Brown is very likeable

There’s a line between fair criticism for a multi-millionaire hockey player and just going too far. Thankfully, Oiler fans never went too far in their criticism of Brown, at least that I saw. Sure, it was frustrating he passed up a chance to shoot on a two-on-one. Sure, it was frustrating that he was brought in as a second-line winger and wasn’t scoring for the first 54 games. And yes, it’s frustrating for Oiler fans that he’ll cost $3.225 million towards the cap next season.
But when Brown scored his first goal of the season, you can tell how much it meant to the fans. The snakebitten Brown received a long-standing ovation after scoring his first goal, and even hats were thrown on the ice. To me, that’s a sign of appreciation usually reserved for a hat trick (and Zach Hyman’s 50th goal, there was a lone hat on the ice).

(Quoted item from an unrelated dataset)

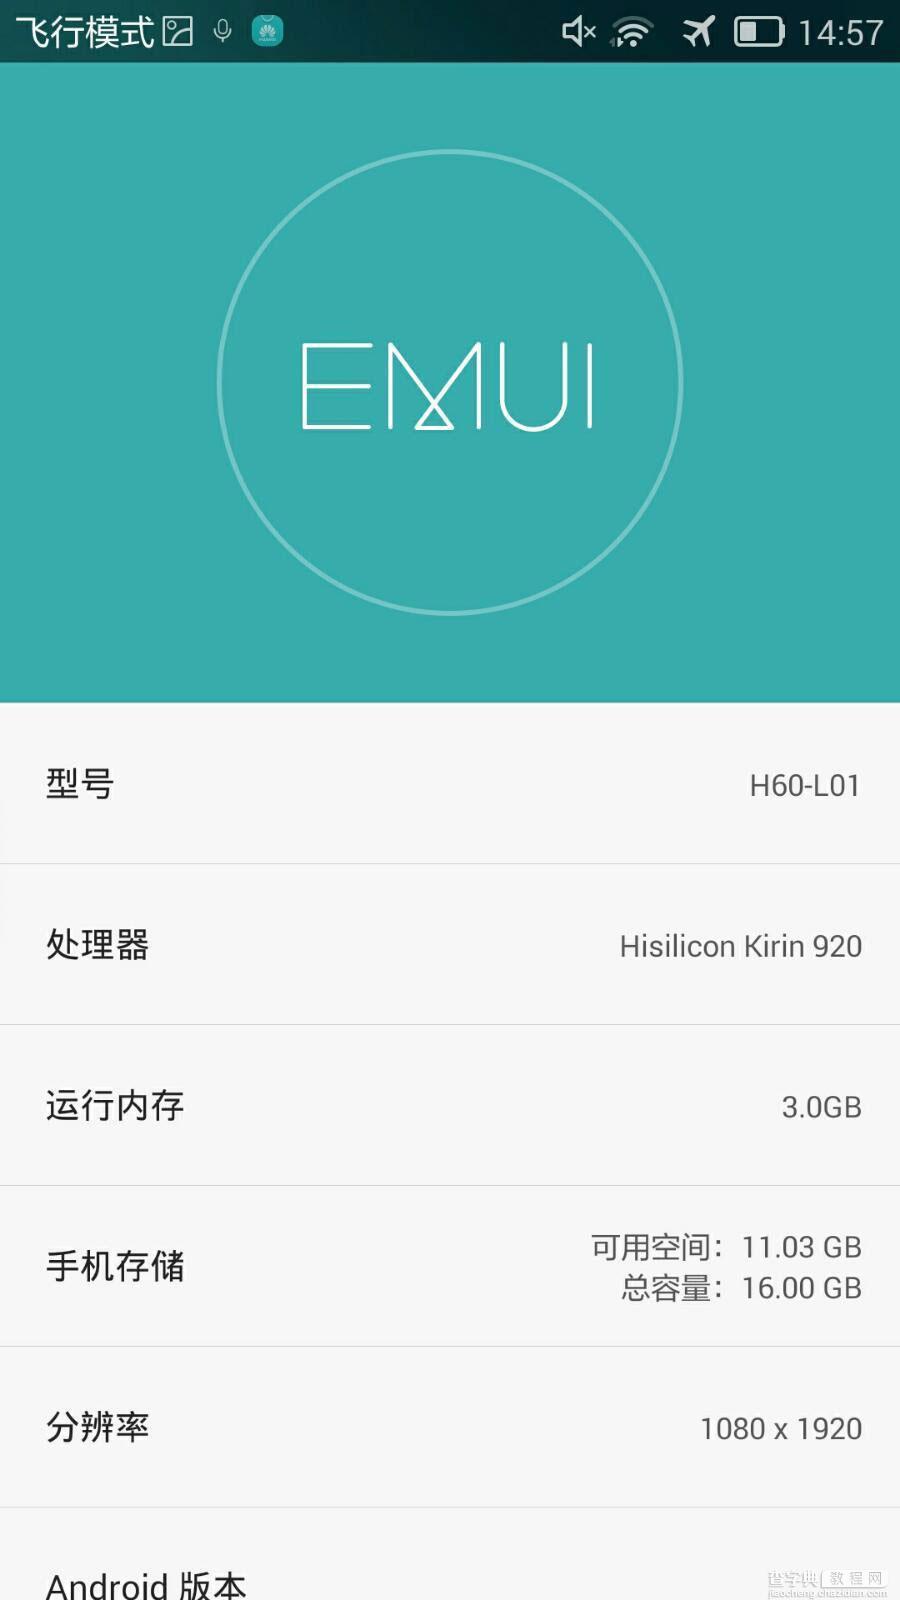 miui对比emui  华为EMUI 3.0界面全曝光8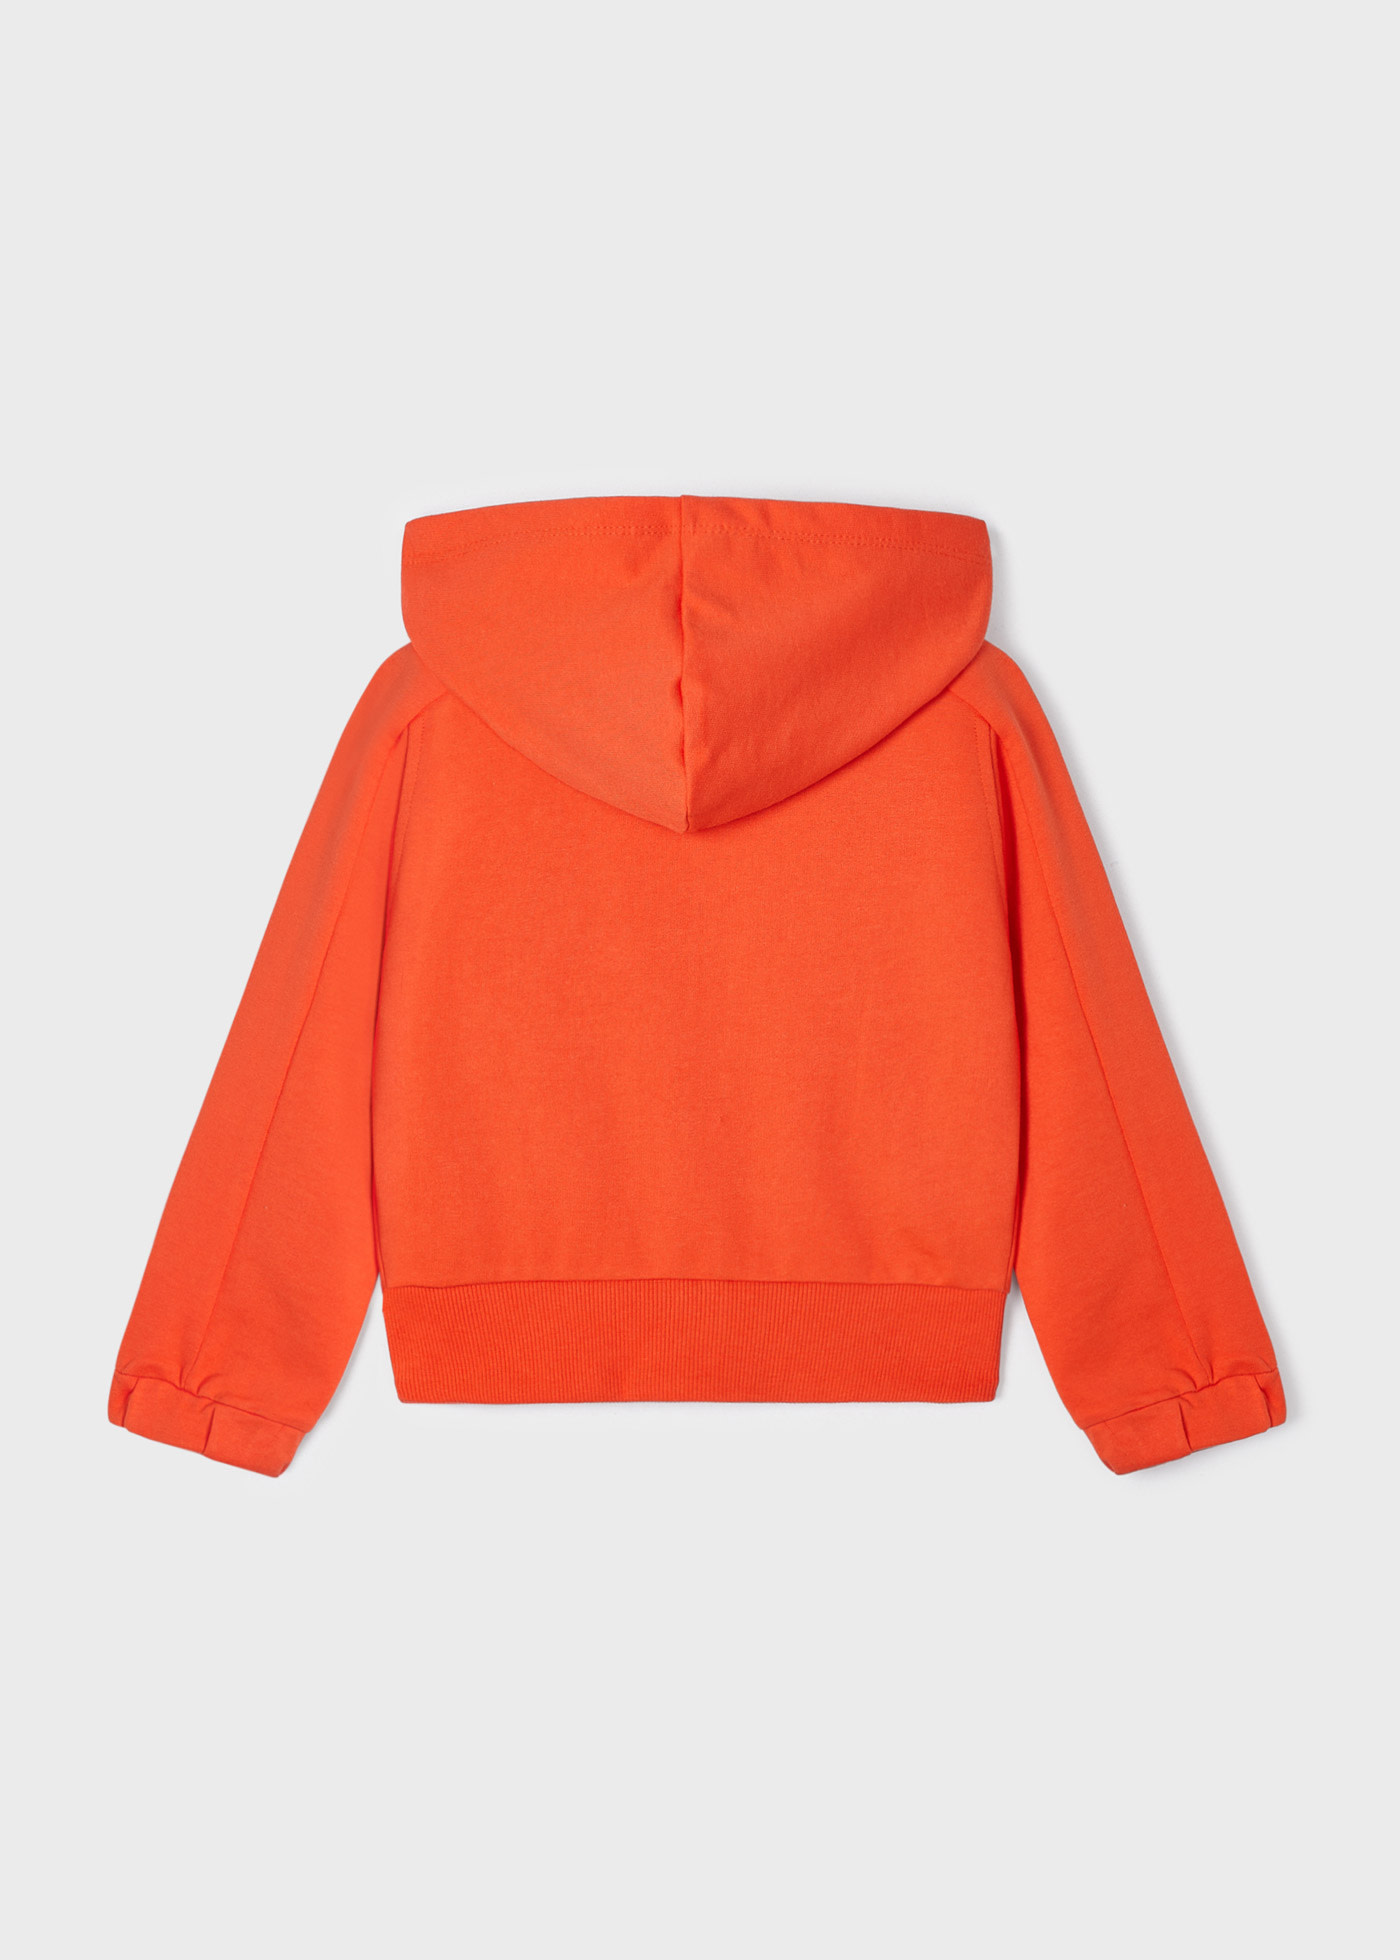 plain orange hoodie

The reaction from the Oilers’ bench that night reminds me of a Game 7 celebration. Everyone on that bench loves Brown and knows how much that means for him. Even Brown himself looked relieved, happy, and on the verge of tears. That goal, despite it being in a blowout, was one of the best moments this season and just shows how well-liked Brown is in Oil Country.

The Connor Brown Redemption Tour™

Will there be better penaltykillers available in this upcoming free agency? Probably. Will there be more clinical scorers available to fill the second-line winger gap? Absolutely. Will they be cheap? Absolutely not.

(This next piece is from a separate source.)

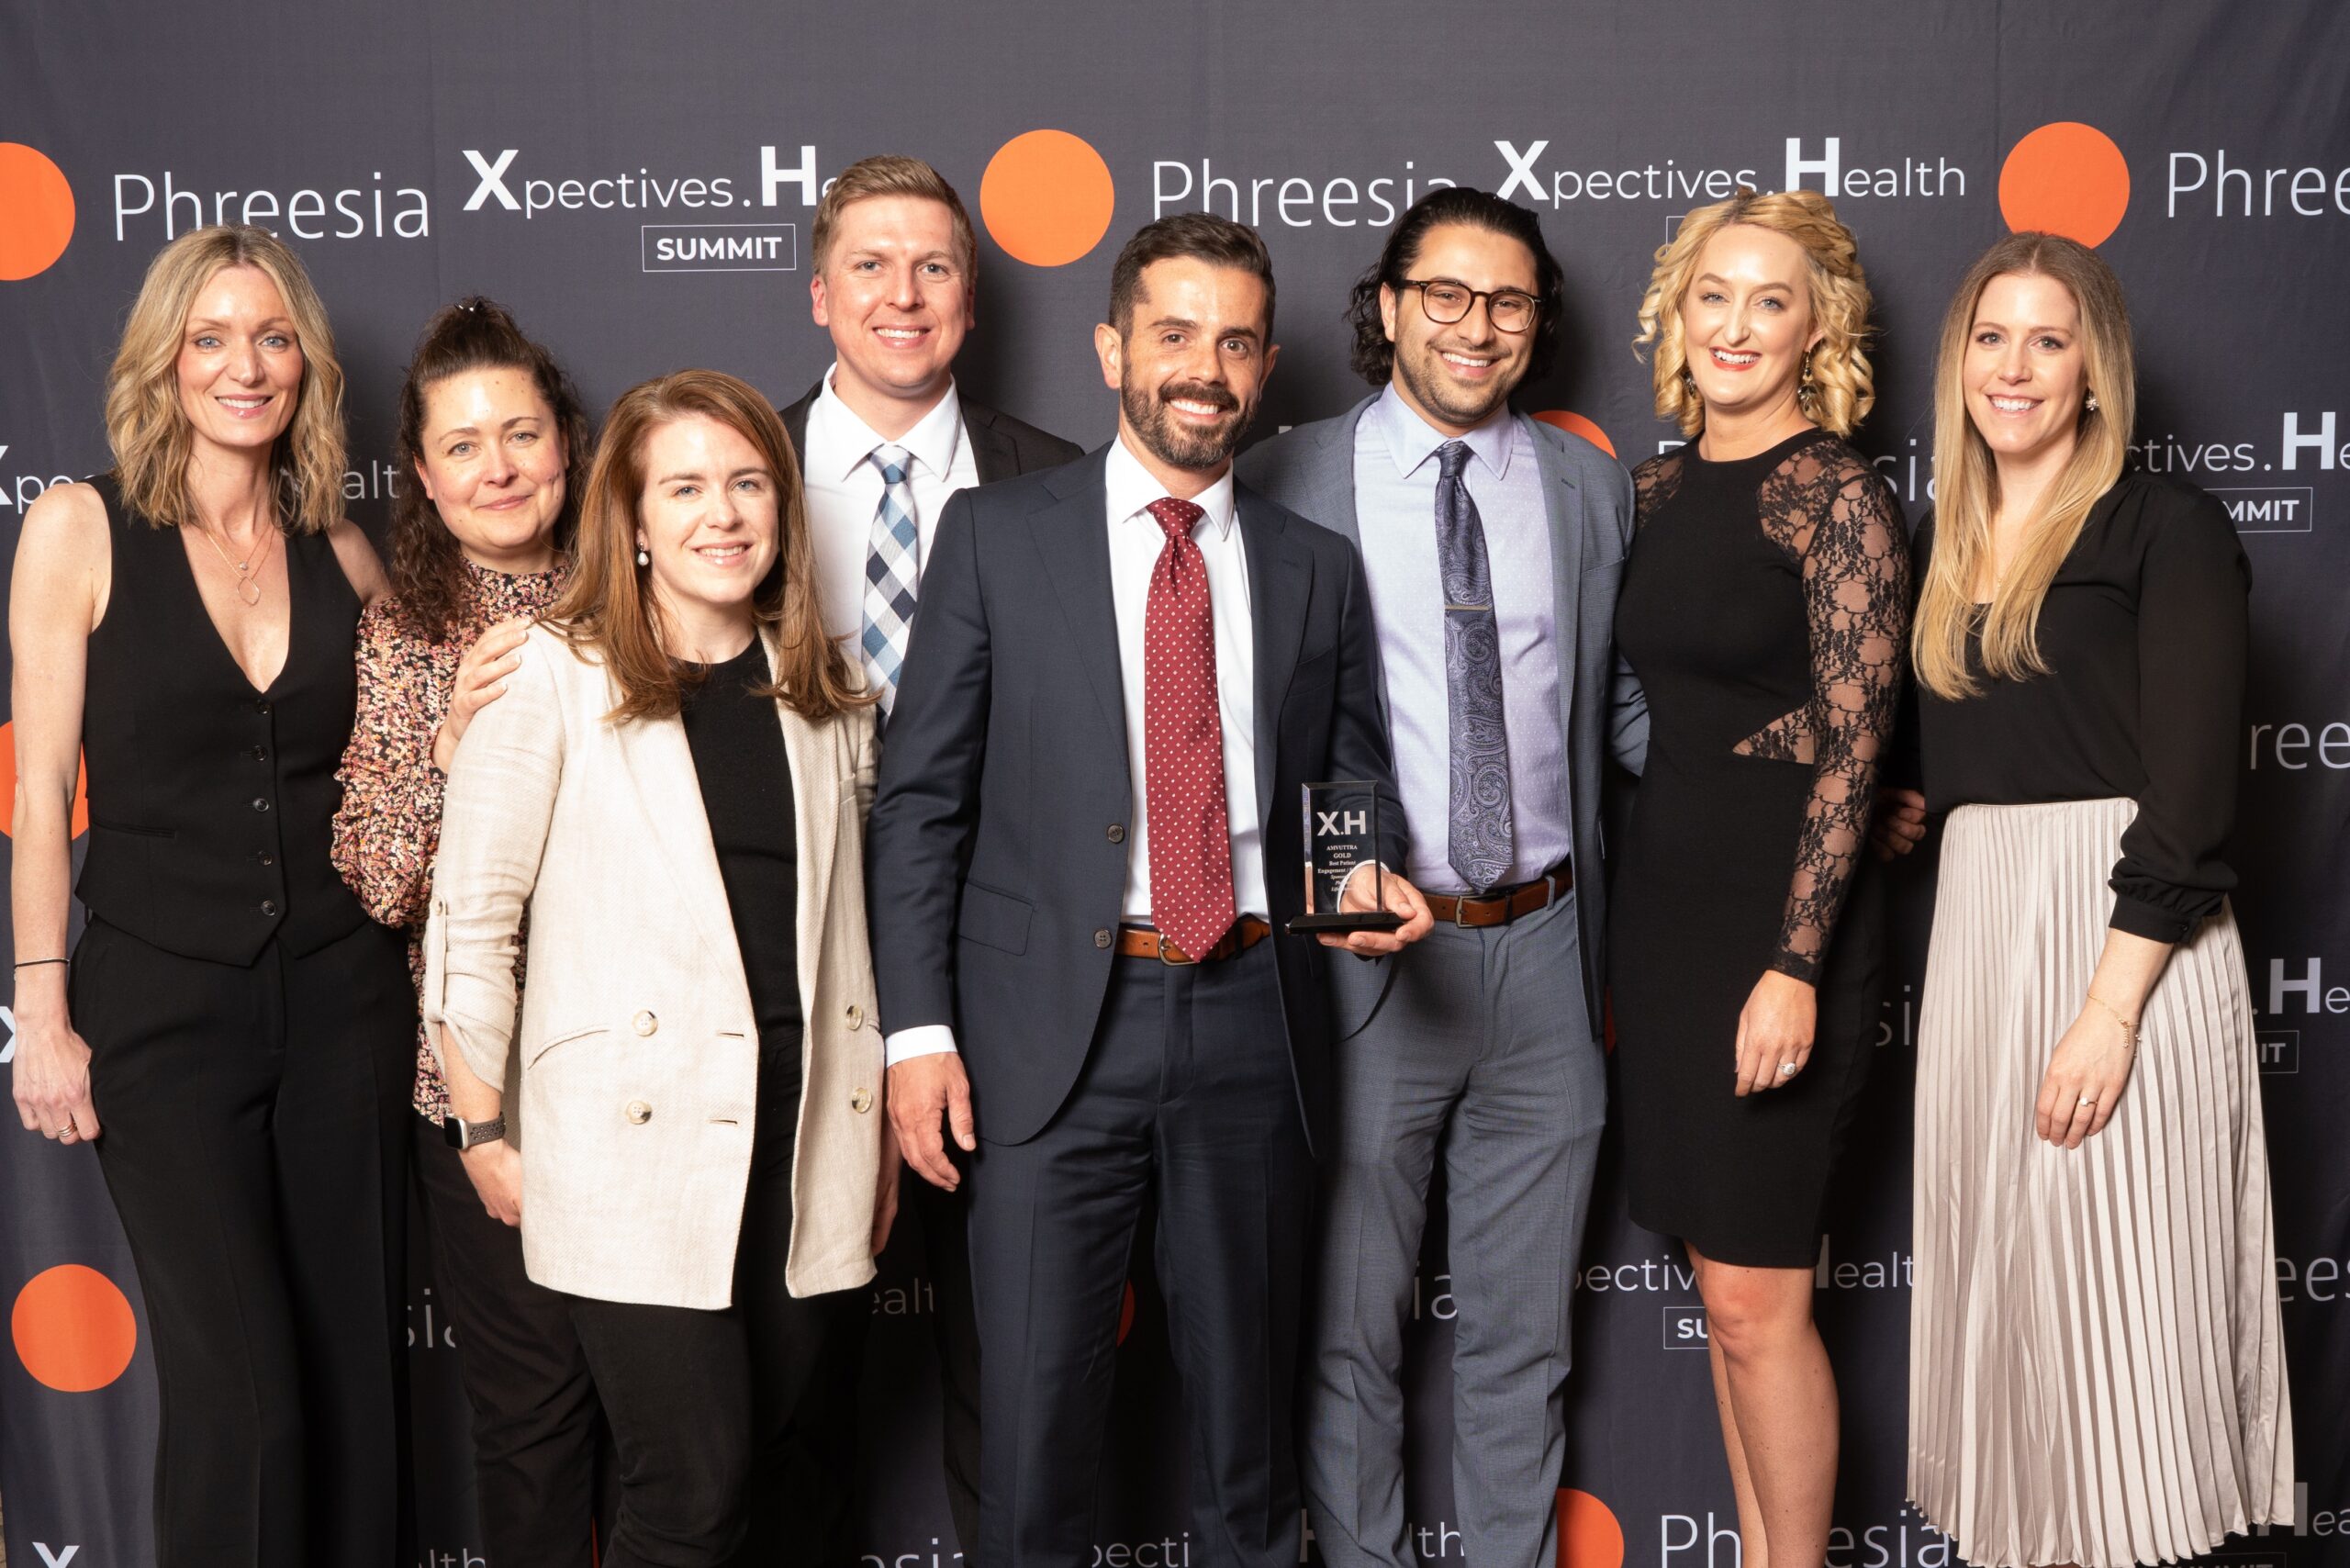 Questex Announces the 2021 Fierce Pharma Marketing Awards Winners

Regardless of how you feel about Brown, his lack of goal-scoring prior to his last six games, as well as his bonus, the Oilers are going to pay Brown $3.225 million in 2024-25, no matter what they do. So let me pose a question: Would you rather pay Brown over $3 million to play elsewhere, or pay him a league minimum deal to play for the Oilers in the Connor Brown Redemption Tour™?
Prior to this season, Brown wasn’t just some fourth-liner. From 2016-17 until 2021-22, Brown scored 89 goals and 210 points in 437 games, with all but 15 of those goals coming at even strength His best point production season came in 2019-20, when he scored 16 goals and 43 points in 71 games. The next year, he scored a career-high 21 goals and 35 points in just 56 games.
Despite the obvious concerns of an ACL injury, there’s a track record there, and these last six games have shown us that maybe, just maybe, Brown could still produce upwards of 30 points a season as he did prior to joining Edmonton.
Why not just call it an even four million, of which only $775,000 will be added to next season’s cap, and let him go off?